:: The data ::
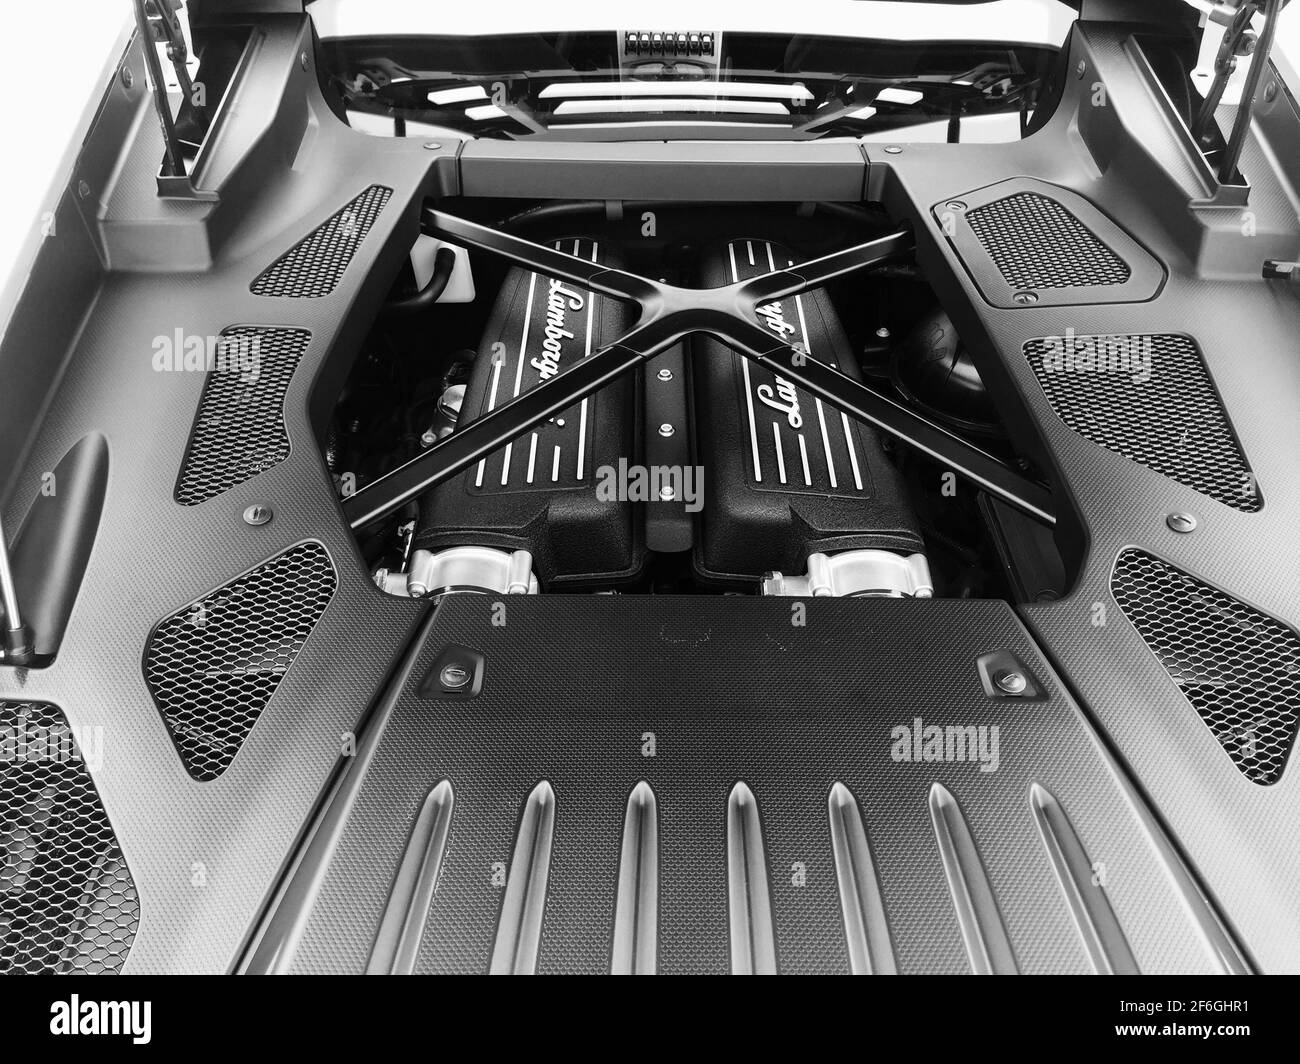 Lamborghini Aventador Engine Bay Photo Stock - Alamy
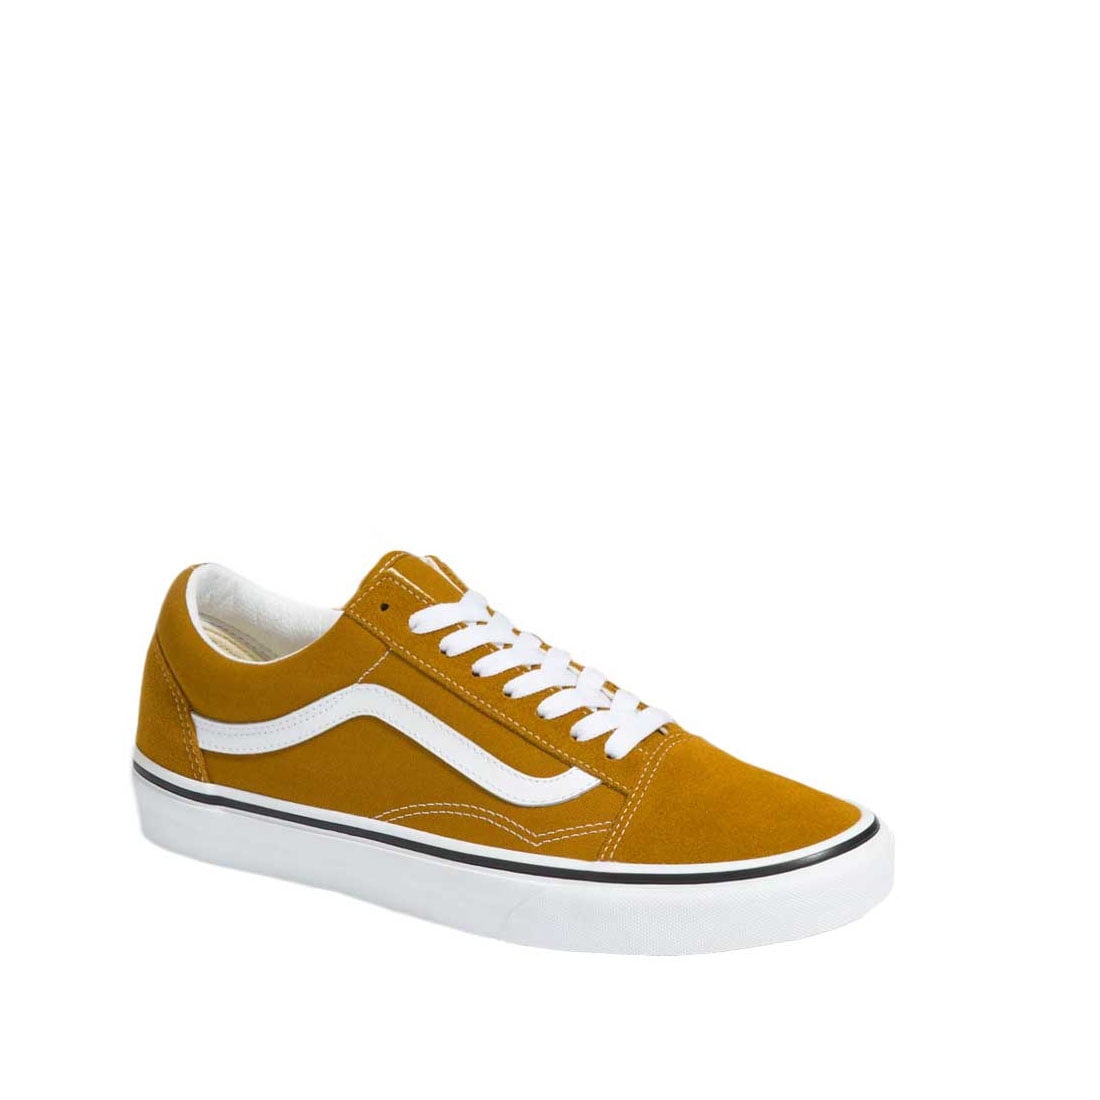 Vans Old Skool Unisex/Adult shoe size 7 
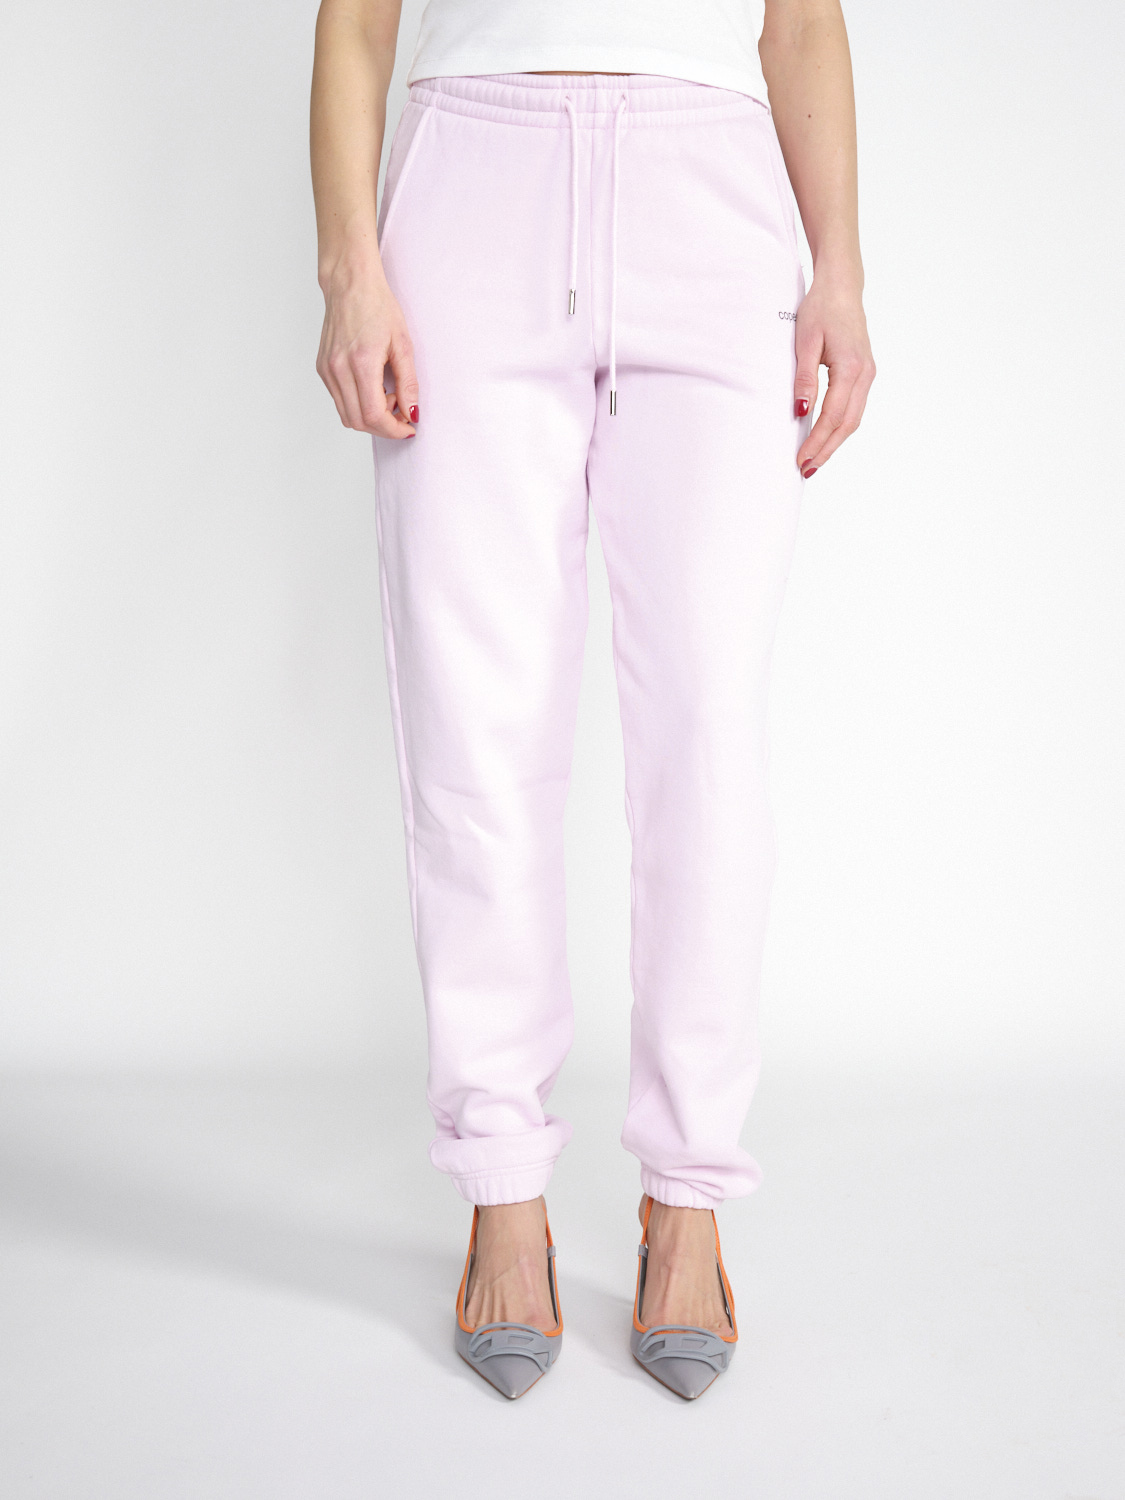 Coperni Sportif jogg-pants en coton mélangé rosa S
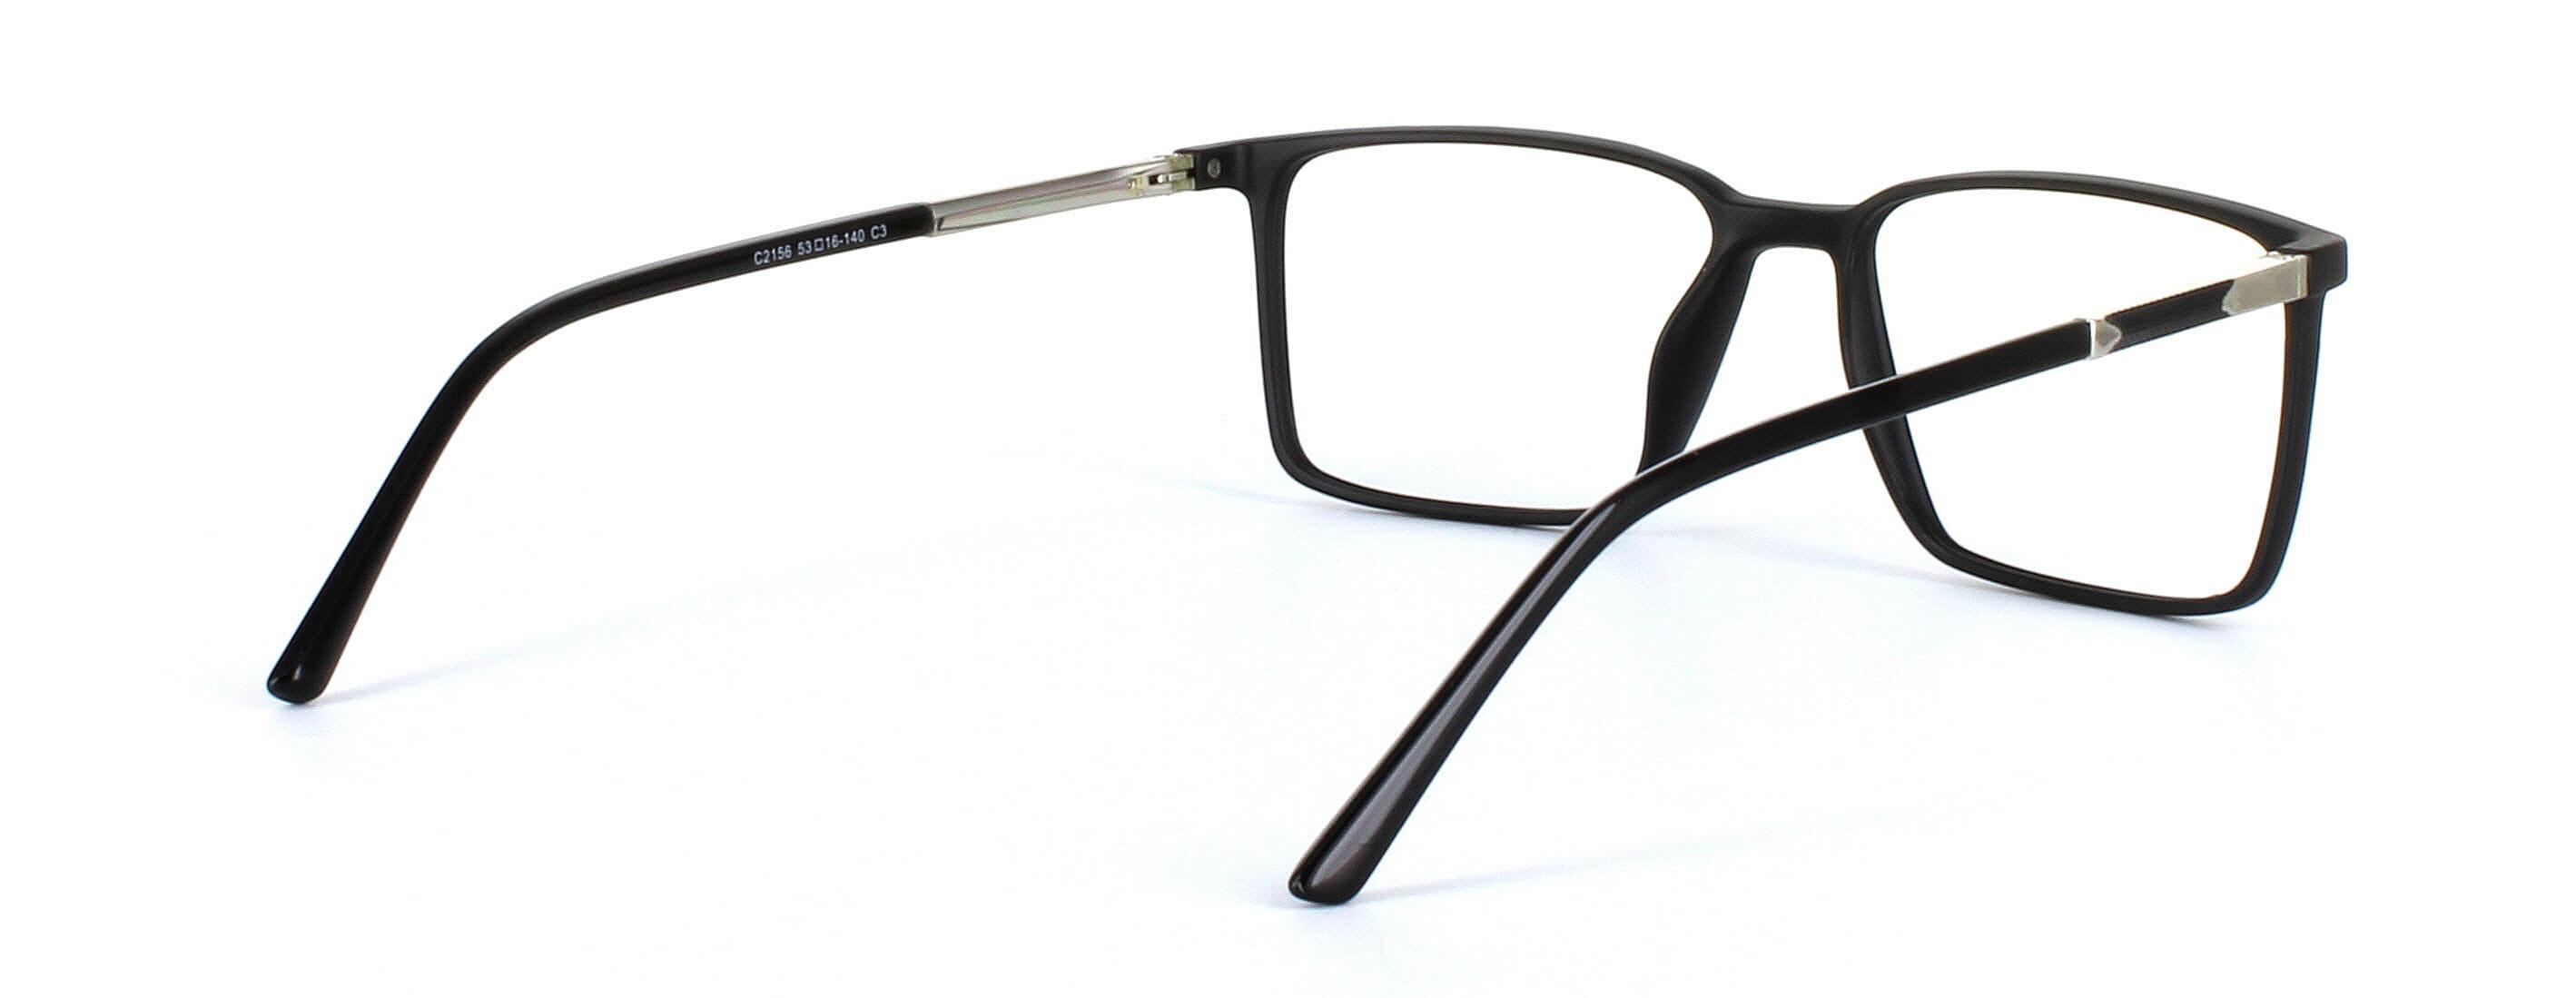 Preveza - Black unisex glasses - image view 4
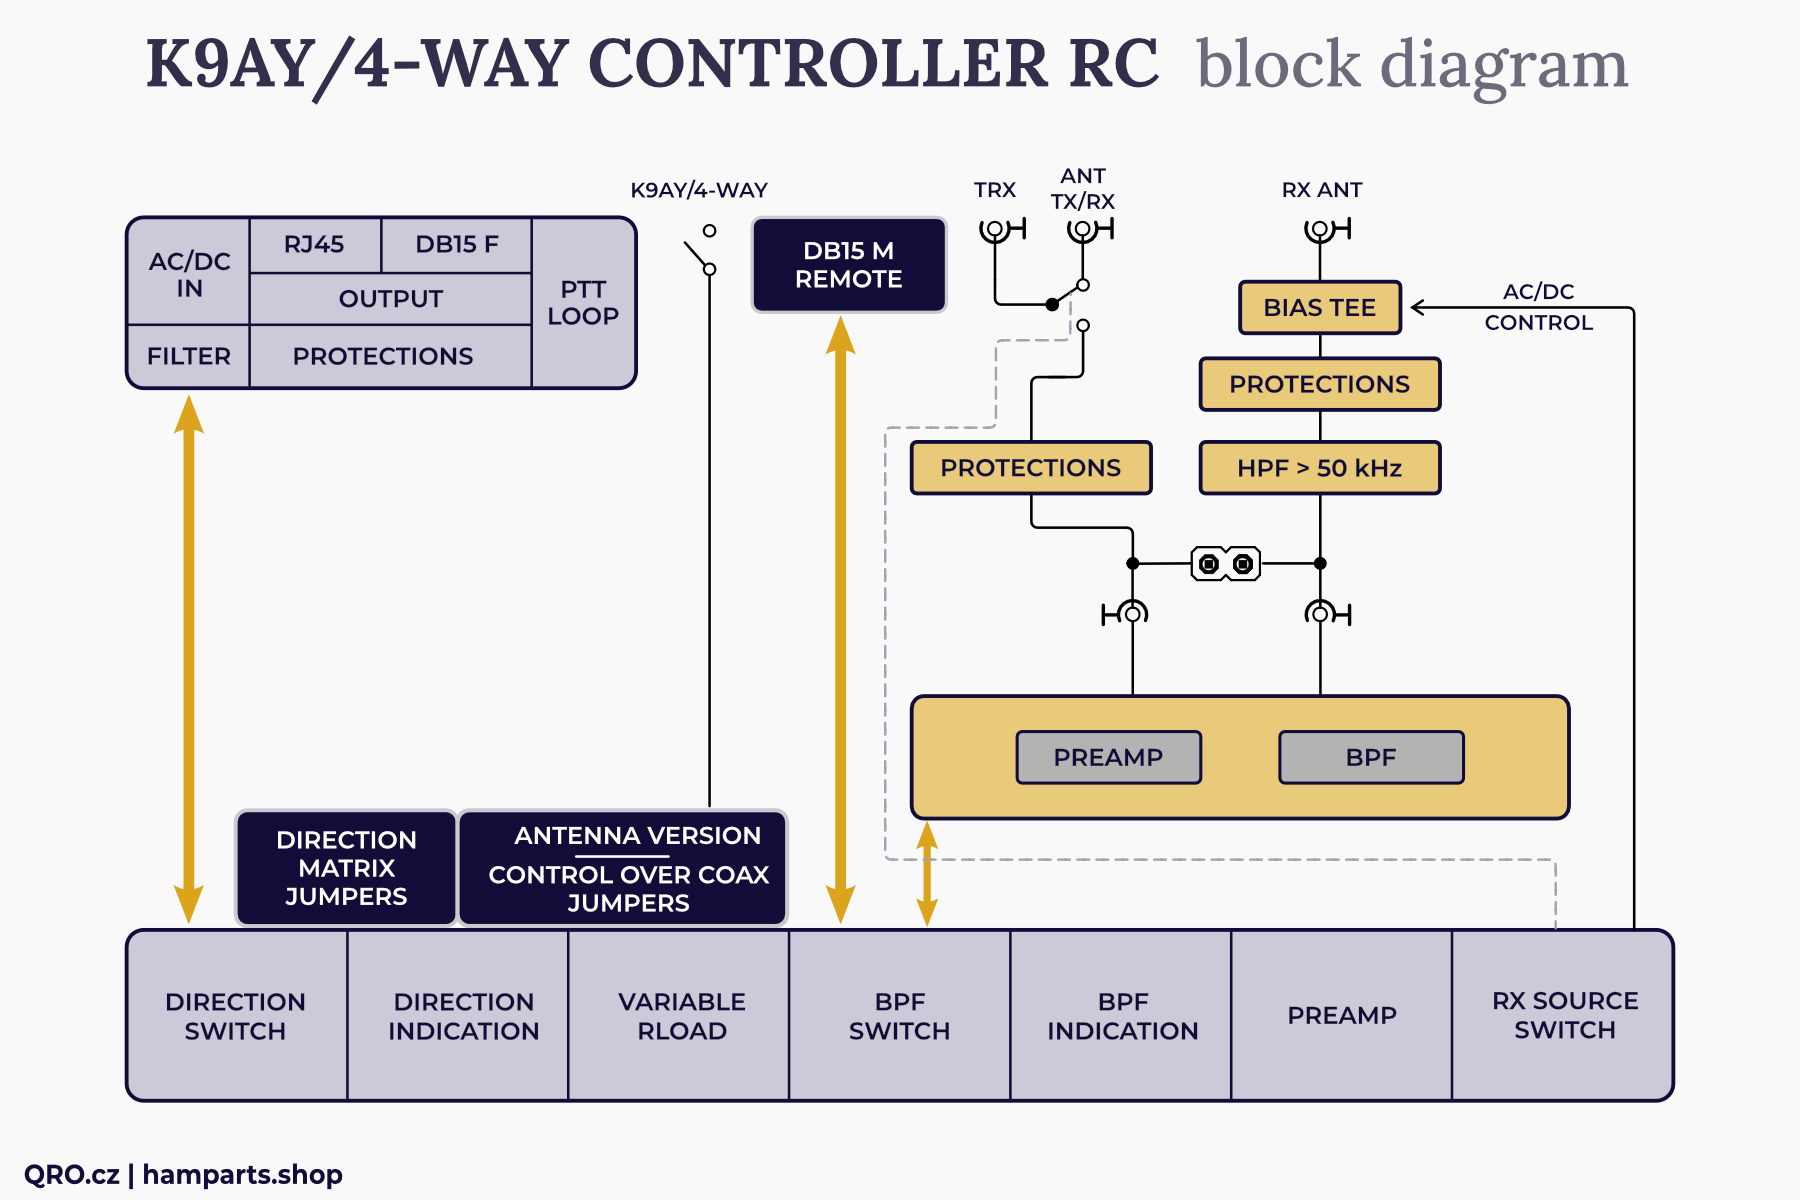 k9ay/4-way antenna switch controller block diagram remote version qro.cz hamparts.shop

:: Task requirements ::
Pictures are to be excluded; all other material must be transcribed exactly.

:: Expected output ::
 Lamborghini Aventador Engine Bay Photo Stock - Alamy
 Vans Old Skool Unisex/Adult shoe size 7 
 Coperni Sportif jogg-pants en coton mélangé rosa S
 Preveza - Black unisex glasses - image view 4
 k9ay/4-way antenna switch controller block diagram remote version qro.cz hamparts.shop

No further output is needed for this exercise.